# Obedience Trial - Day Two!



## Oaklys Dad (Dec 28, 2005)

Great job you guys. I know you have worked hard to get there. Keep up the good work.


----------



## 3459 (Dec 27, 2007)

Your Quiz must be an amazing guy! Congratulations and major kudos for all your hard work!! 

:appl: :appl: :appl: :appl: :appl:​


----------



## DUSTYRD2 (Feb 28, 2007)

Congrats Stephanie. We don't do obedience ourselves, but always thought I'd like to try. I do have friends that do it though so I can appreciate all the hard work involved. 198.5 is awesome.


----------



## DanielleH (Nov 4, 2006)

Congrats!!


----------



## FlyingQuizini (Oct 24, 2006)

Thanks! He's really a lot of fun to work and show. I love that he has "attitude" in the ring! I'd rather have lots of attitude and flash and lose 1/2 points here and there for crooked sits or fronts vs. a dog who is darned near perfect all the time, but lacks a look of "joy" in his work. Just a personal preference, I guess...

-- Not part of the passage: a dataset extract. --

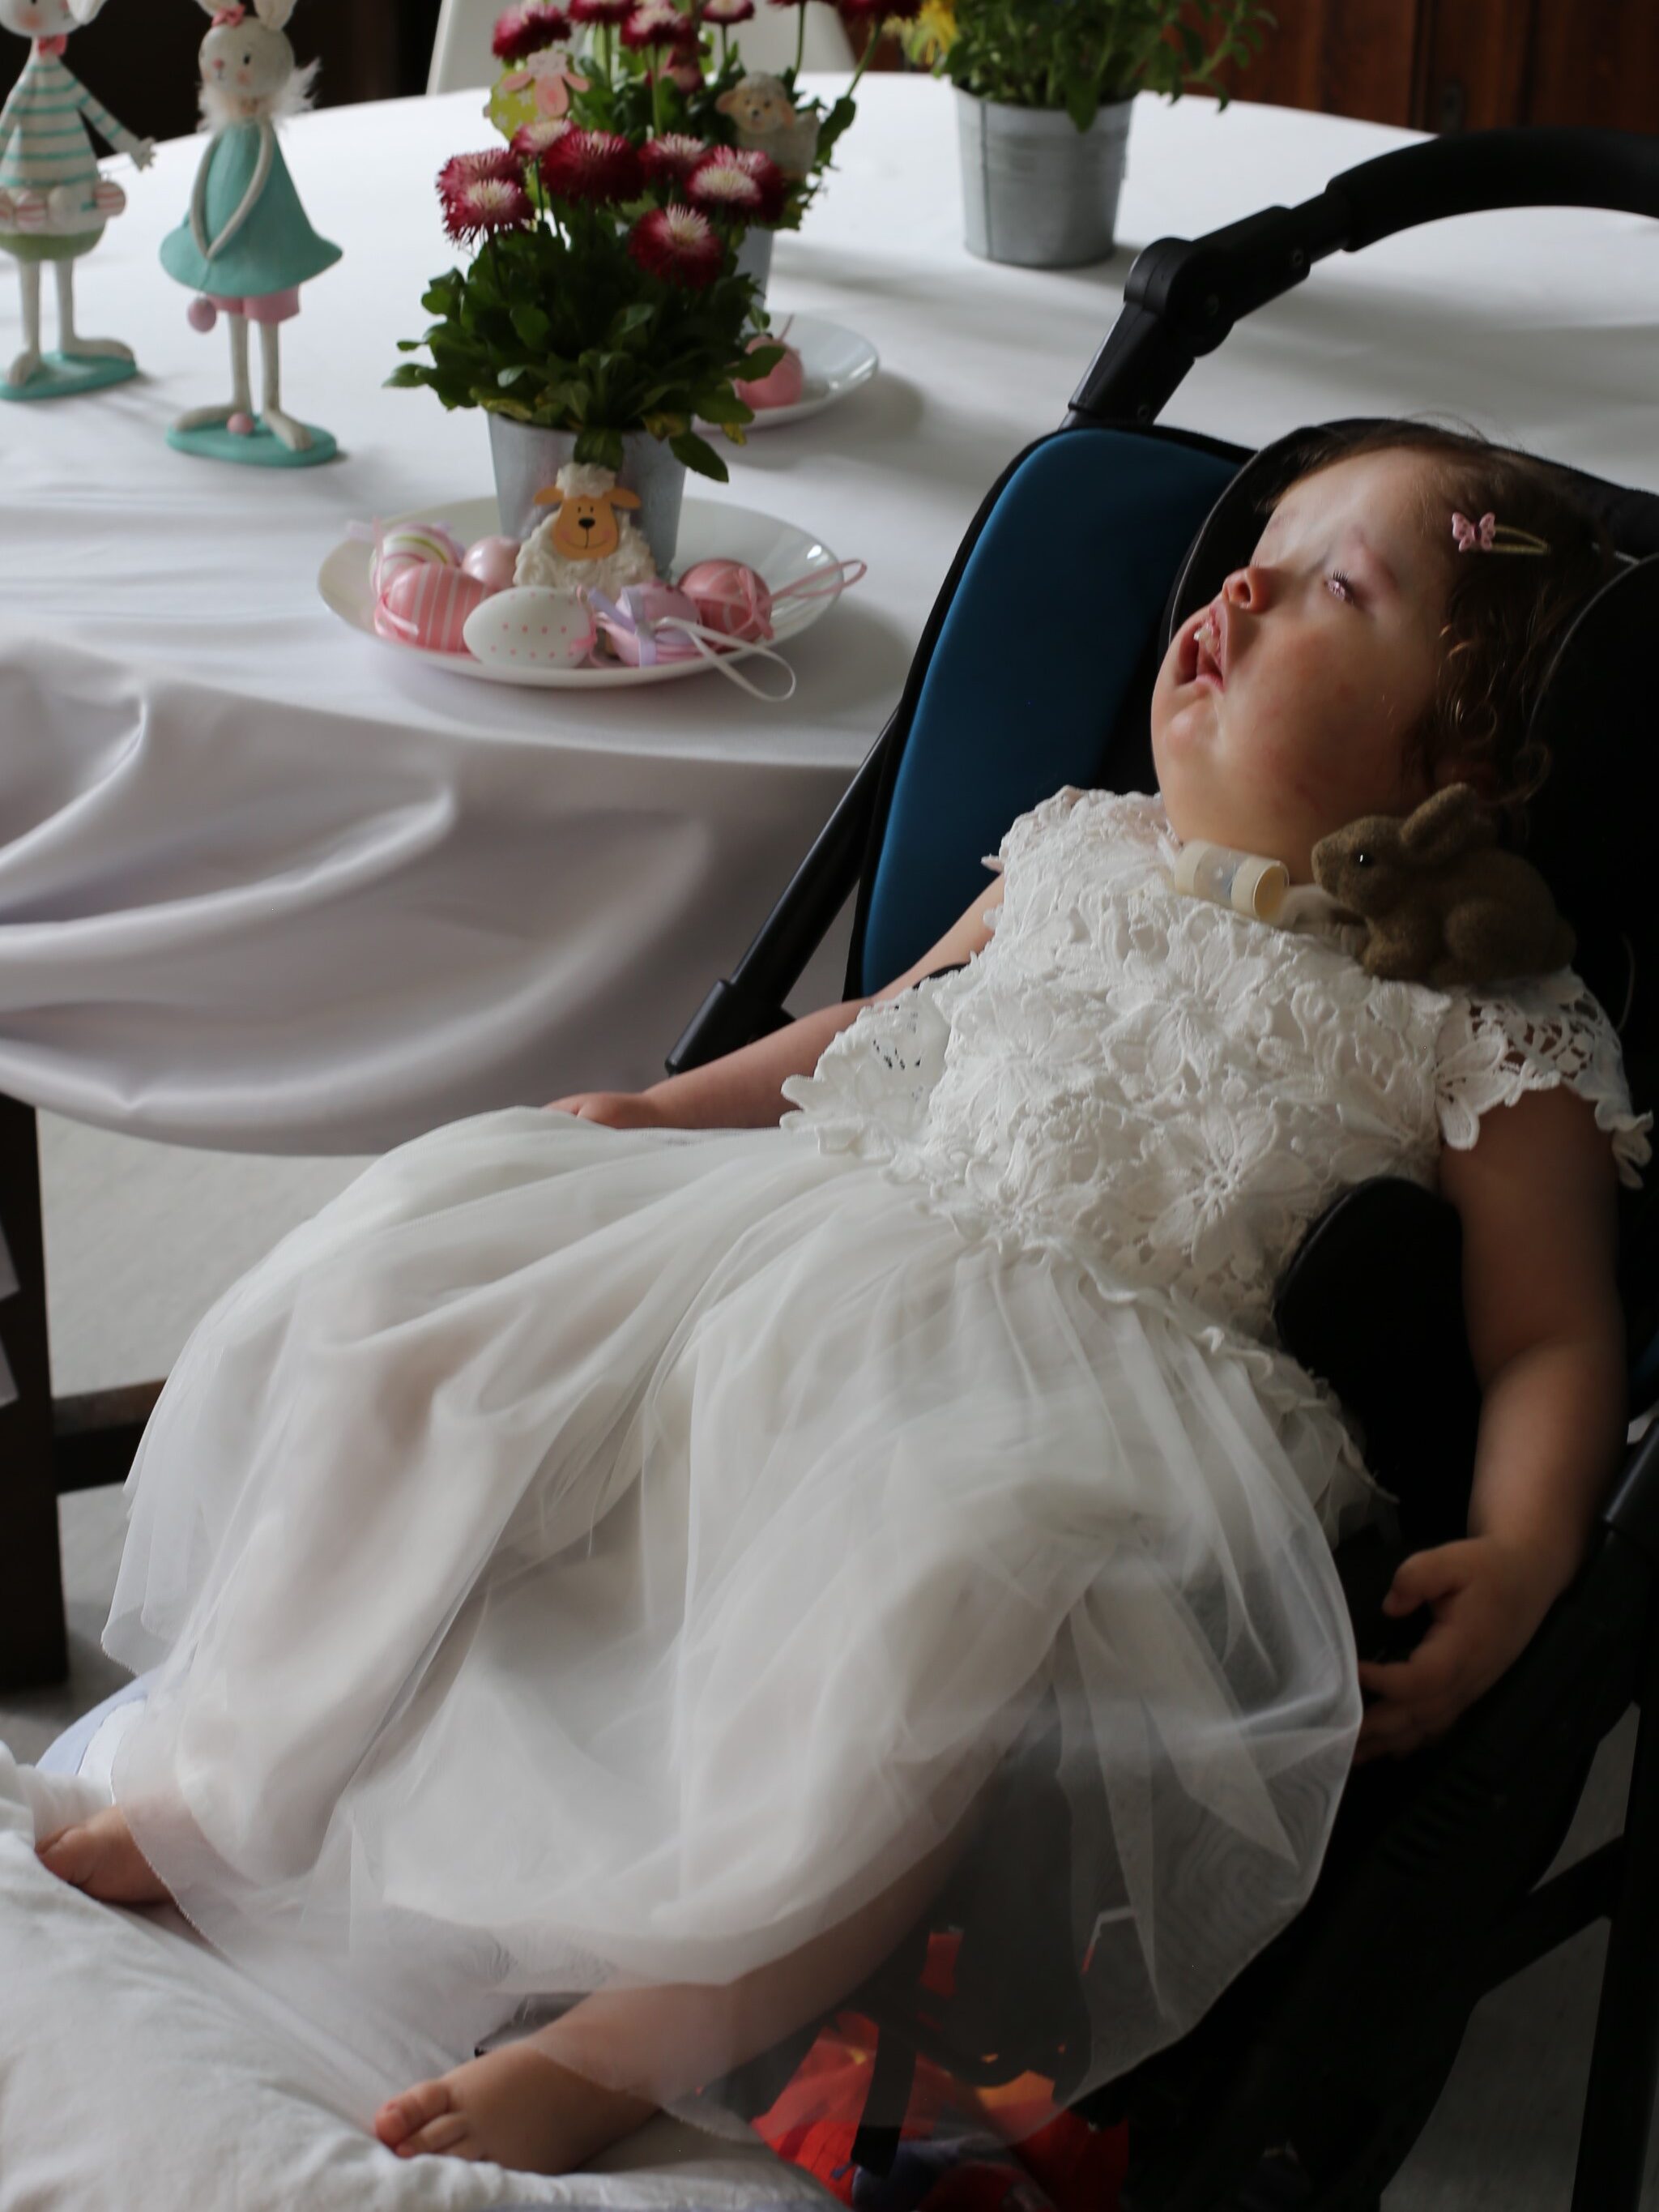 hospicjum stacjonarne zuzia w bialej sukience na wozku dziewczynki nie boja się ciemnosci kwartalnik 0222

We'll probably show a few more times in Novice while I polish up Open. Now the real fun begins! Woohoo!


----------



## Augie's Mom (Sep 28, 2007)

Congrats and Kudos! What an awesome job!


----------



## AmbikaGR (Dec 31, 2007)

Congrats Stephanie! Obviously you and Quiz are quite a team in the ring. I wish you more success and joy showing together.


----------



## FlyingQuizini (Oct 24, 2006)

Augie's Mom said:


> Congrats and Kudos! What an awesome job!


Thanks! Moira was there, too. She was showing Hemi in Breed. He did really well... went BOB both days. It's always fun having her ringside... she's a great cheering section! :wavey:


----------



## FlyingQuizini (Oct 24, 2006)

AmbikaGR said:


> Congrats Stephanie! Obviously you and Quiz are quite a team in the ring. I wish you more success and joy showing together.


Thanks, Hank! How's little Oriana? I think we need an update!


----------



## Augie's Mom (Sep 28, 2007)

FlyingQuizini said:


> Thanks! Moira was there, too. She was showing Hemi in Breed. He did really well... went BOB both days. It's always fun having her ringside... she's a great cheering section! :wavey:


Glad to hear Hemi did so well, he is a really cutie pie.


----------



## Soda (Feb 23, 2008)

Nice job! Great scores....if he liked novice he is sure to love open!!!


give the Q a scratch from us here in OK!


----------